Some diseases can have specific membrane proteins as targeting markers that endow biomimetic nanoparticles with natural tropism to affected areas, such as CD138 in multiple myeloma. Which examples are there for Pancreatic Cancer?
The tumor marker, Carbohydrate antigen 19-9, (CA 19-9) radioimmuno assa (RIA) is the most commonly used for the pancreatic cancer. It's normal blood levels in U/ml is 0-35U/ml. The antigen is naturally produced/secreted by the epithelim of the biliary and pancreatic duct system but rarely released into peripheral circuit, but in pathology of those systems, serum levels are detectable in high values in the order of 3 folds the upper limit of the normal with sensitivity of 69% - 90% and Specificity of about the same range, as a matter of fact, elevations in which values are 100U/ml ave respectability indicators with low being favorable and vise versus.

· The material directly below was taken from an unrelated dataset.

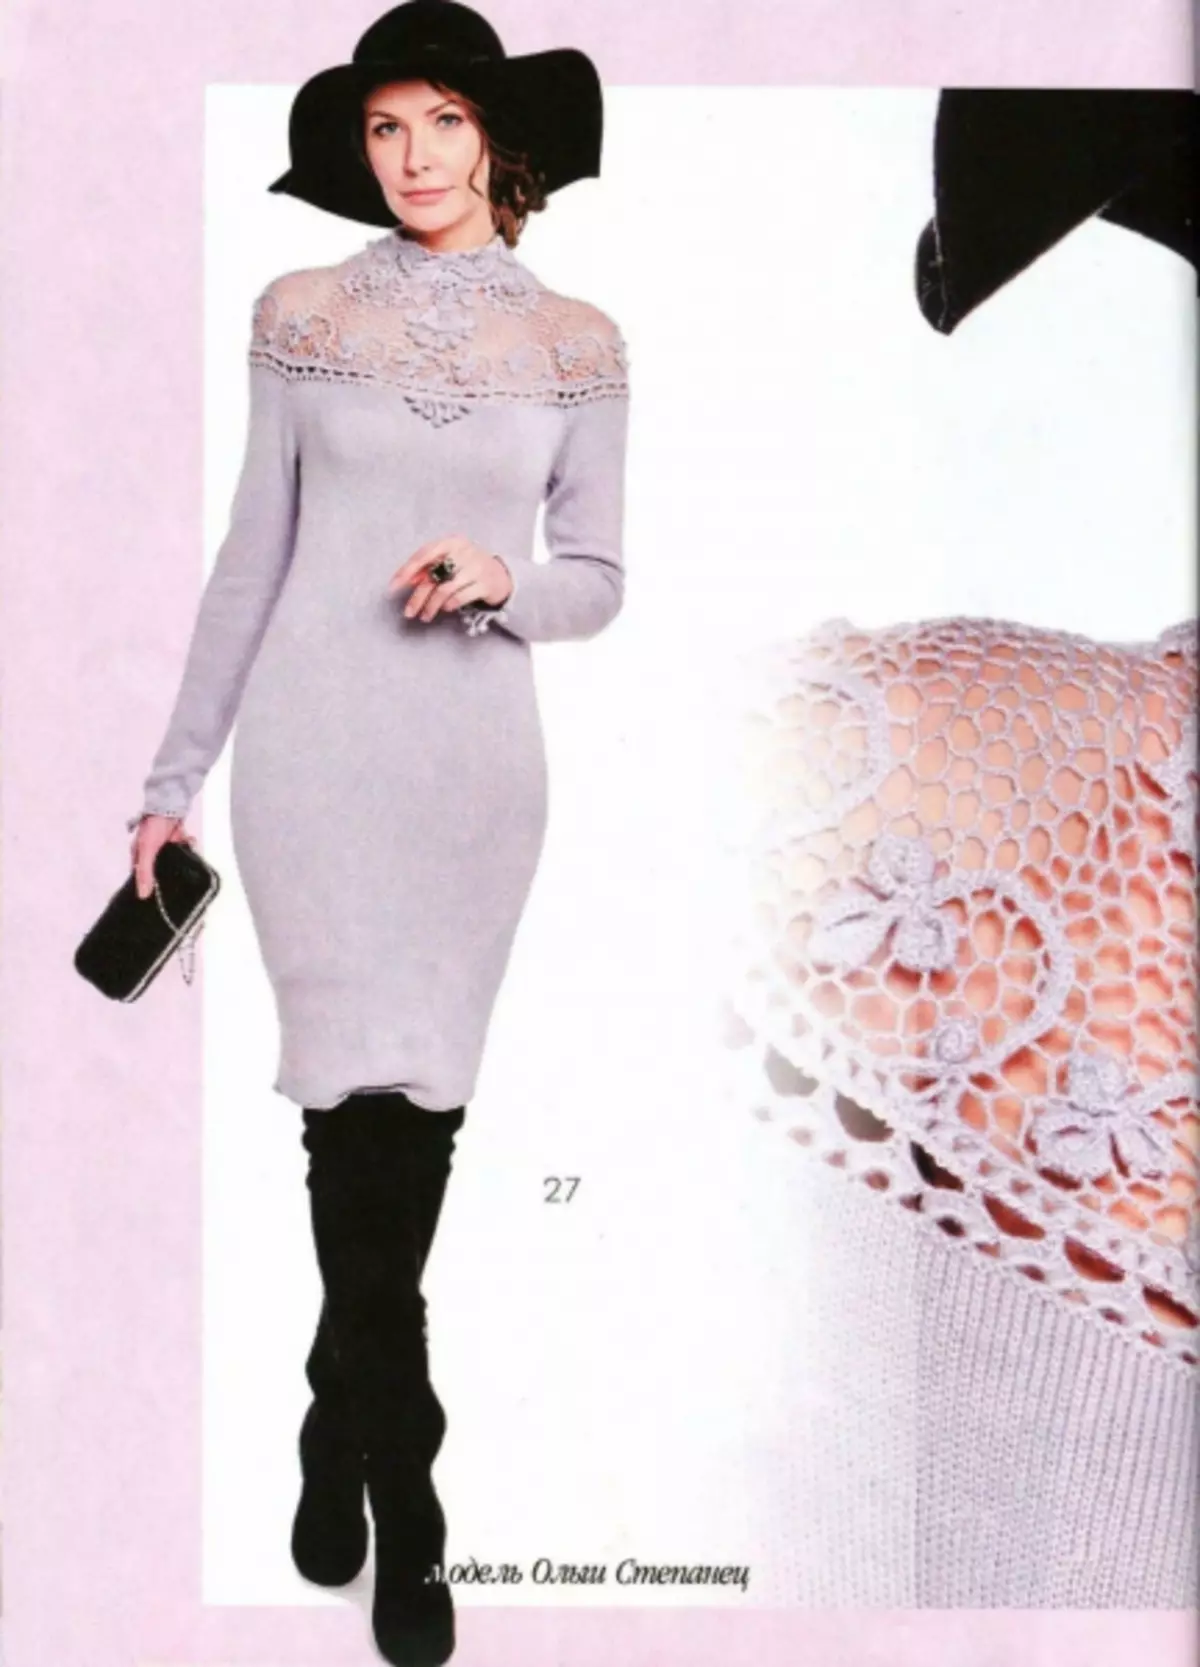 Moda de la revista 616 - 2019. Modelos con estilo

The CA 19-9 being resident in the biliary system therefore, other benign pathologies of this thus cause notable elevations albeit most times less than 100U/ml
CD109, a glycophosphatidylinositol-anchored glycoprotein, was recognized as a cell surface antigen on some normal hematopoietic and metpoietic tumor cells. CD109 engages in the EGF signaling in SK-MG-1 glioblastoma cells. The cell surface glycoprotein CD109 was identified in BxPC3 cells from primary pancreatic cancer. CD109 glycoprotein is expressed in the BxPC3, MIACaPa-2, and Panc-1 cell lines. Also, CD109 overexpression was observed in PDAC. The expression of CD109 was evaluated in normal pancreatic tissues and PDAC samples by cell-surface capture technique and immunohistochemistry.
One tumor marker test used in pancreatic cancer is called CA19-9. It may be helpful in understanding how the cancer responds to treatment. But the test isn't always reliable because some people with pancreatic cancer don't have elevated CA19-9 levels, making the test less helpful.